Is this the only "bulk write" option that BigTable offers? From the console, I can see around 800 rows written per second. (Production instance with 3 nodes)

mayurjain0312 commented 6 years ago

We are currently using mongodb as our no-sql database and we would prefer moving to BigTable. As far as the speed of writing data to database is concerned, I see that mongodb is far exceeding BigTable(unless I am not using BigTable in the right manner)

mayurjain0312 commented 6 years ago

@sduskis: any updates?

sduskis commented 6 years ago

A 3 node Cloud Bigtable cluster can handle writing at least 30K rows per second, and each additional node adds 10K rows per second. We tested up to 3,500 nodes with Cloud Bigtable with a linear increase in performance.

The 800 rows per second is a limitation of the python client and what ever VM you're on. The process sends 300 rows, and waits for a response. You can run multiple processes that each read in a different file to improve total throughput against your cluster.

The Java client has an async client that performs far better in these situations, since it has a robust async client. We have not ported that functionality to python yet. Here is an example with the Java version.

(FWIW, I'm the primary developer on the Java client)

mayurjain0312 commented 6 years ago

@sduskis : Thanks for responding. Do you know when can this async functionality for Python be ready?

sduskis commented 6 years ago

We don't have an ETA for this functionality in Python.

basphilippus commented 6 years ago

Hi,

Is there any progress on this feature? I would really like to scale my writes to Bigtable with Python code.

sduskis commented 6 years ago

We still do not have concrete plans to implement this feature.

mholiv commented 5 years ago

Hello! Are there any updates on plans to implement this feature?

Async is quickly becoming the norm in terms of modern python development. :)

BigTable IO is consistently the only blocking IO I encounter on a regular basis.

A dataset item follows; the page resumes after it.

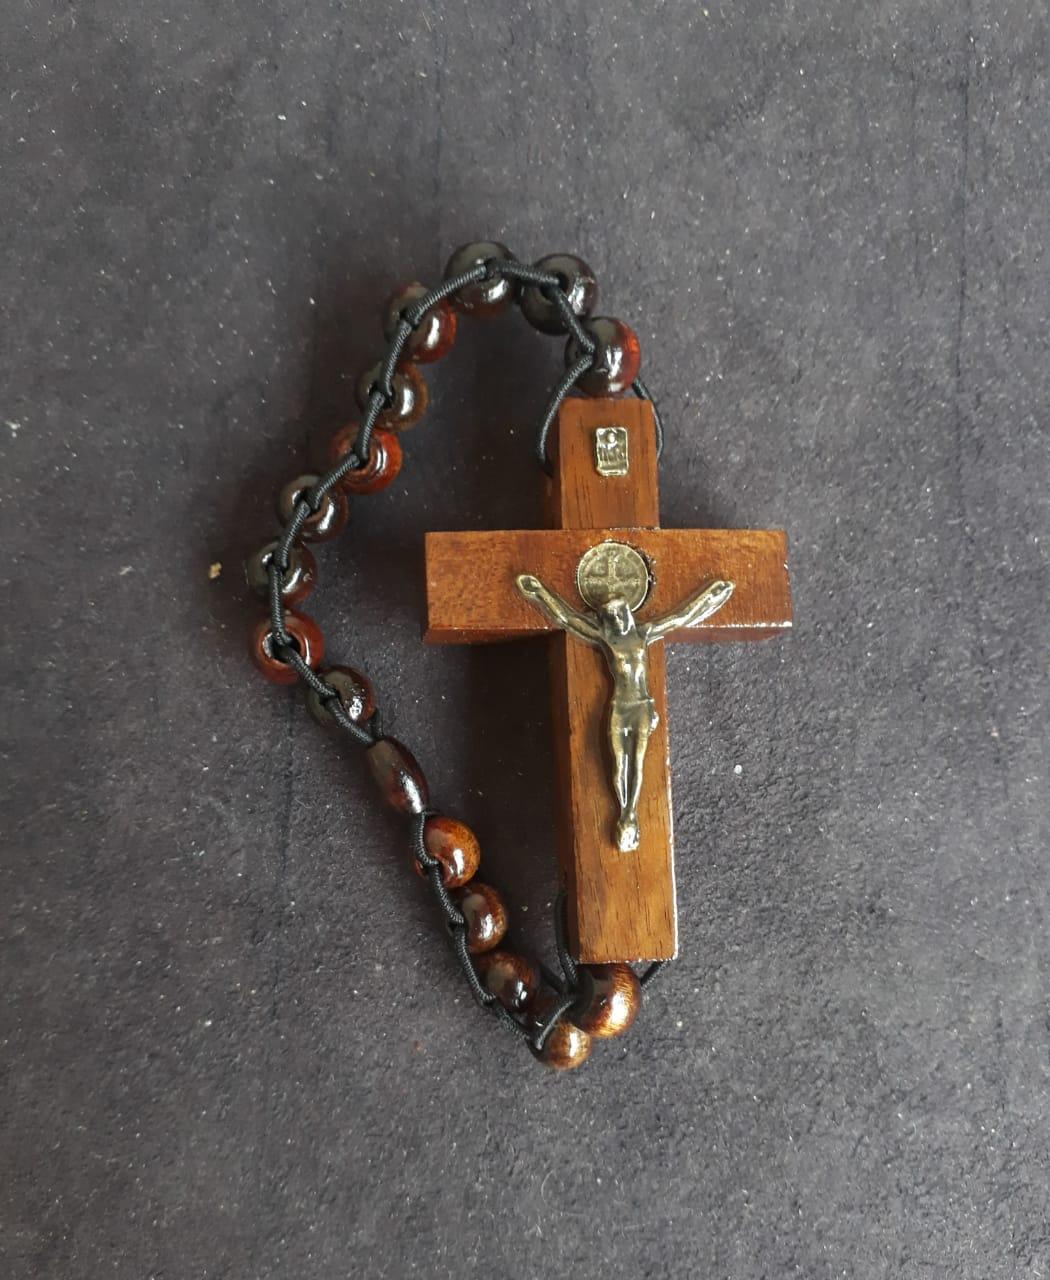 PUL65 - Pulseira Trançada Madeira Cruz São Bento 60mm Marrom c/ Oração  - VindVedShop - Distribuidora Catolica

DynamoDB as a async wrapper in the form of aioboto3

cwbeitel commented 5 years ago

@sduskis I can help implement this if you can provide me a little guidance. Can provide a rough sketch?

sduskis commented 5 years ago

@cwbeitel There's a lot that goes into this. There's a Java implementation that would be similar, but I'm not sure how much it would help (here).

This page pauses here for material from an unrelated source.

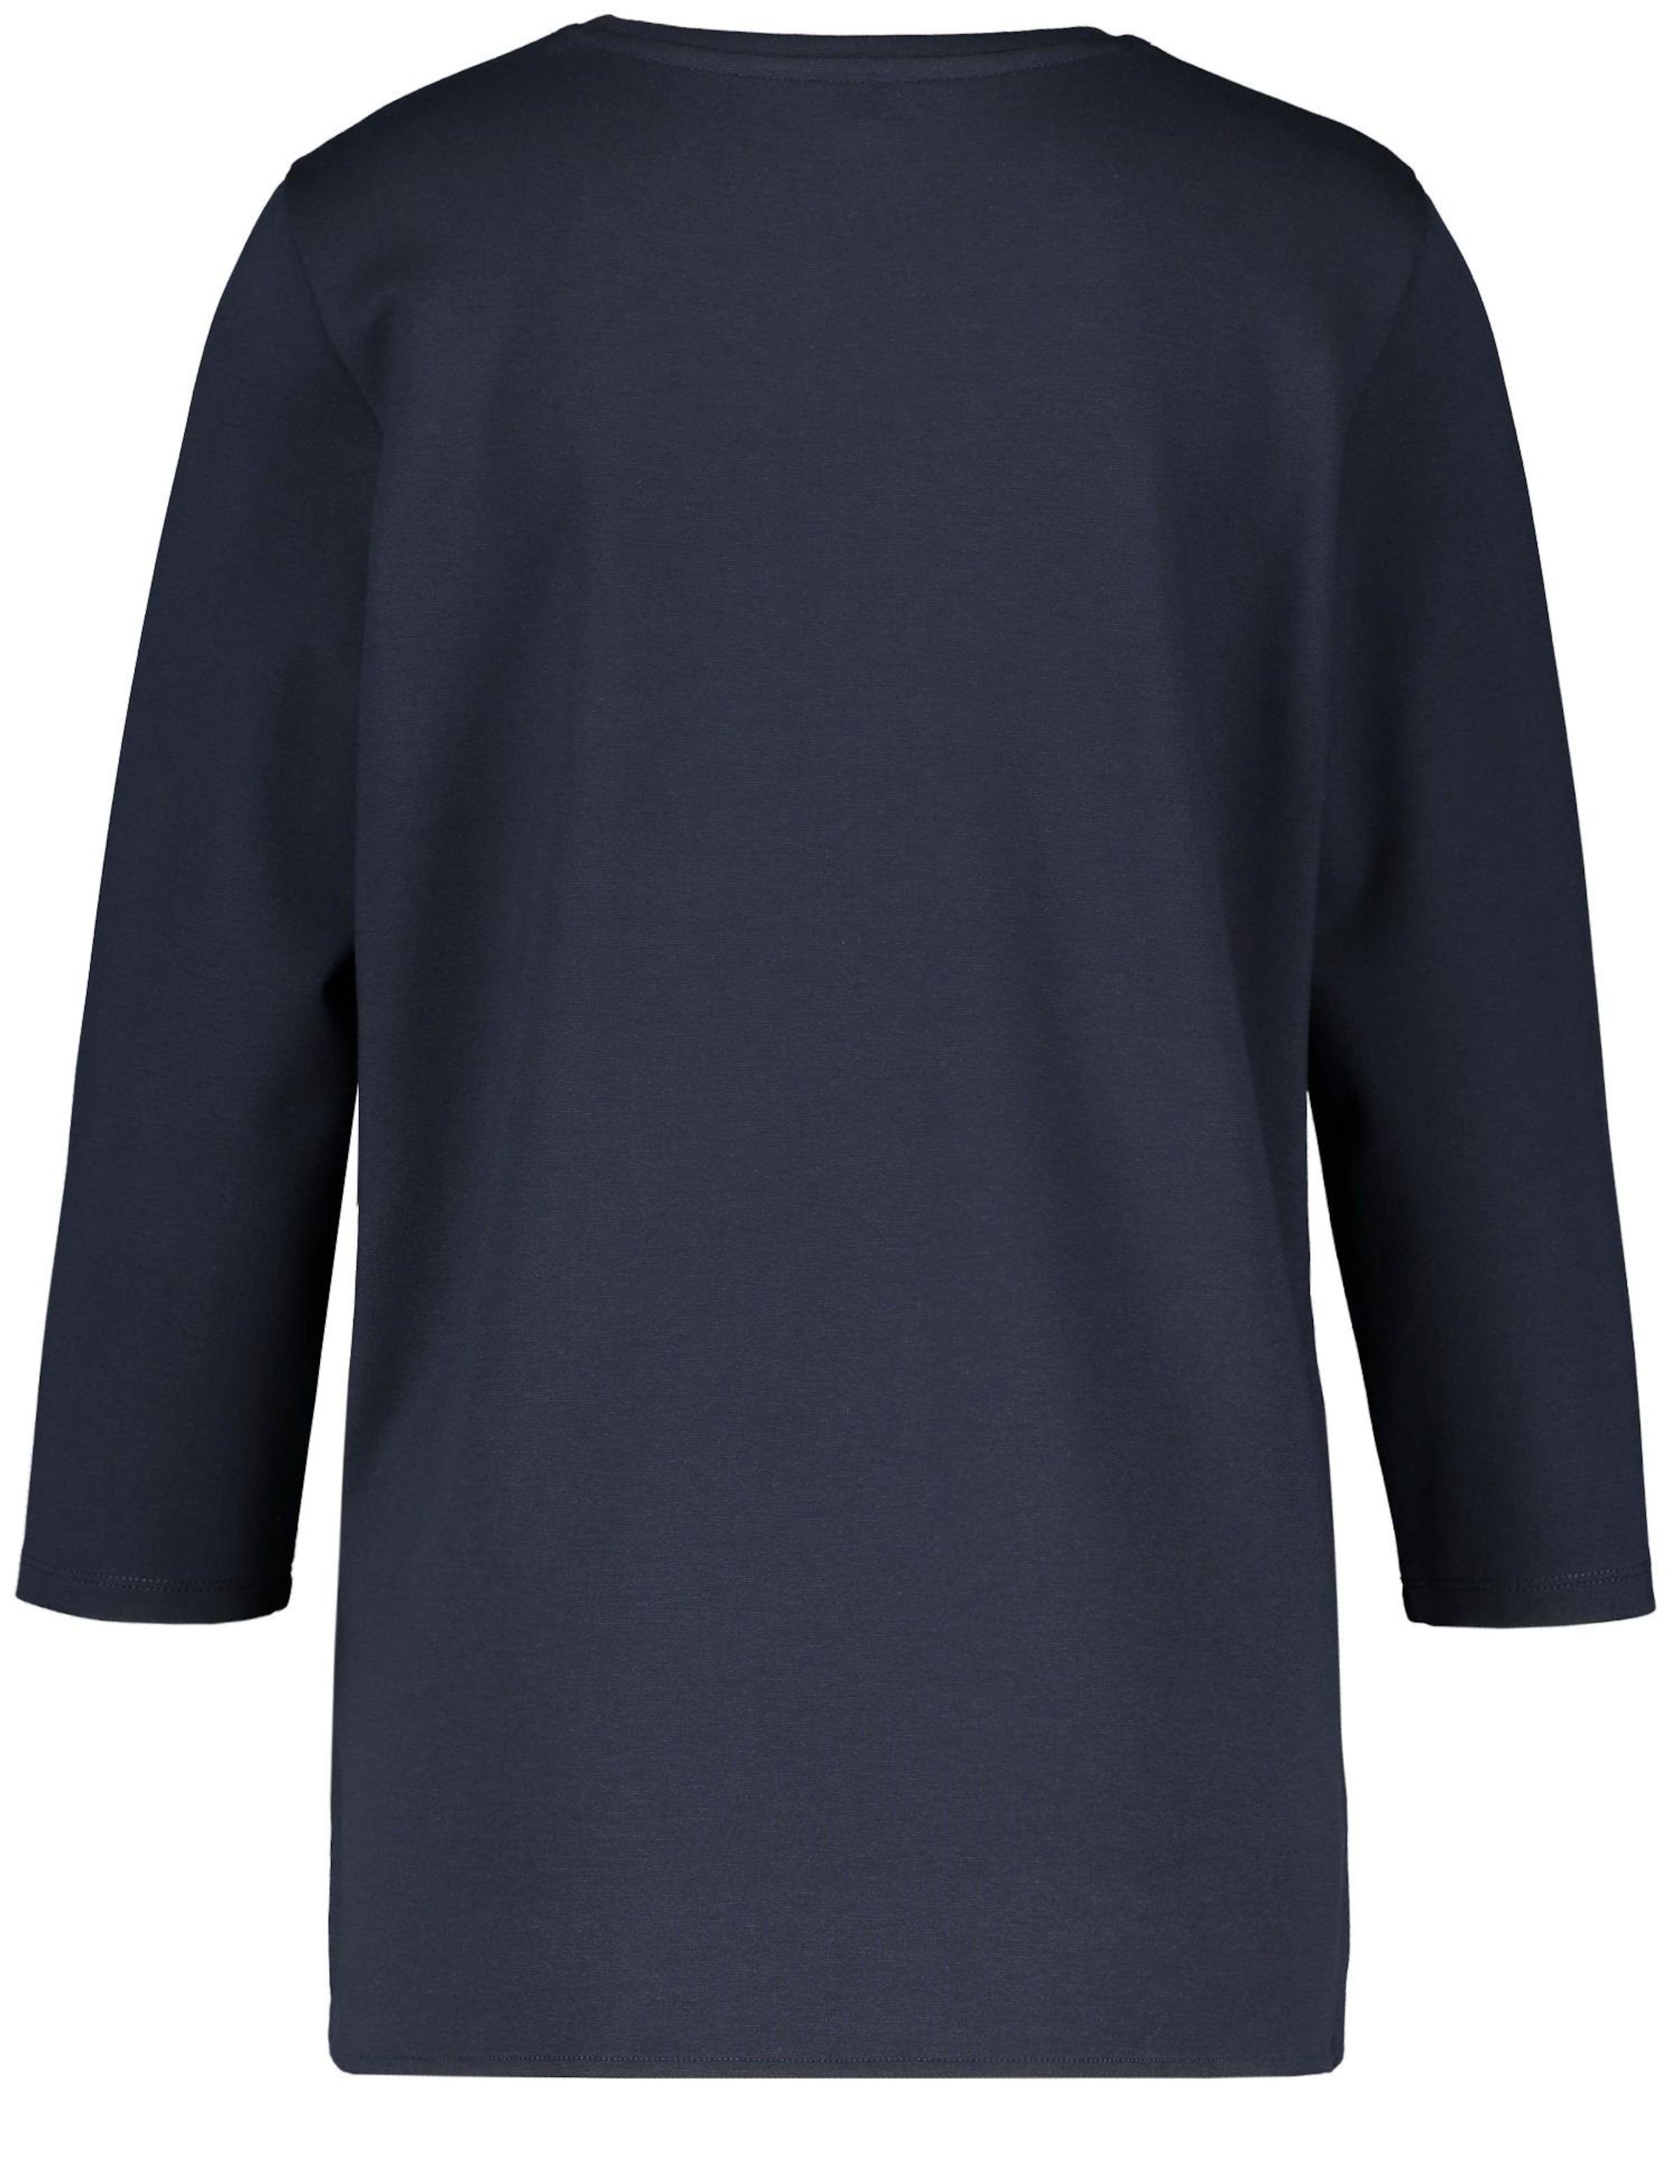 Gerry Weber Ultramarinblau Gerry Weber Weber In Ultramarinblau Gerry Shirt In Shirt mN80wOvn

Here are some constraints that I think are important:

Allow up to n (probably 4?) concurrent RPCs in progress, after that block.
Each RPC batch should consist of mutations that meet one of the max criteria:
1. 125 rows
2. 10,000 total "entries" / column qualifier updates across all rows
3. an RPC size of no more than 5 MB
The interface should have the following methods:
1. b = table.createBatcher() - creates a new multi-RPC batcher
2. b.add(mutation) - Blocks, if necessary. Adds the row an in - memory buffer. Send an RPC if the buffer is full.
3. b.flush() - sends out the in-memory buffer and waits for all RPCs to complete.

cwbeitel commented 5 years ago

@sduskis Yeah that's cool I hear those thoughts. Thanks for sharing the Java implementation, that's helpful. Looks like the PubSub python client code, e.g. the published message batcher, would also be helpful to emulate.

Here's a gist contextualizing this in the case of streaming deep learning training examples to a cbt table.

Having had a look at this I'm probably going to first try to accomplish the same using the Golang client given how involved it would be to do this with the Python client.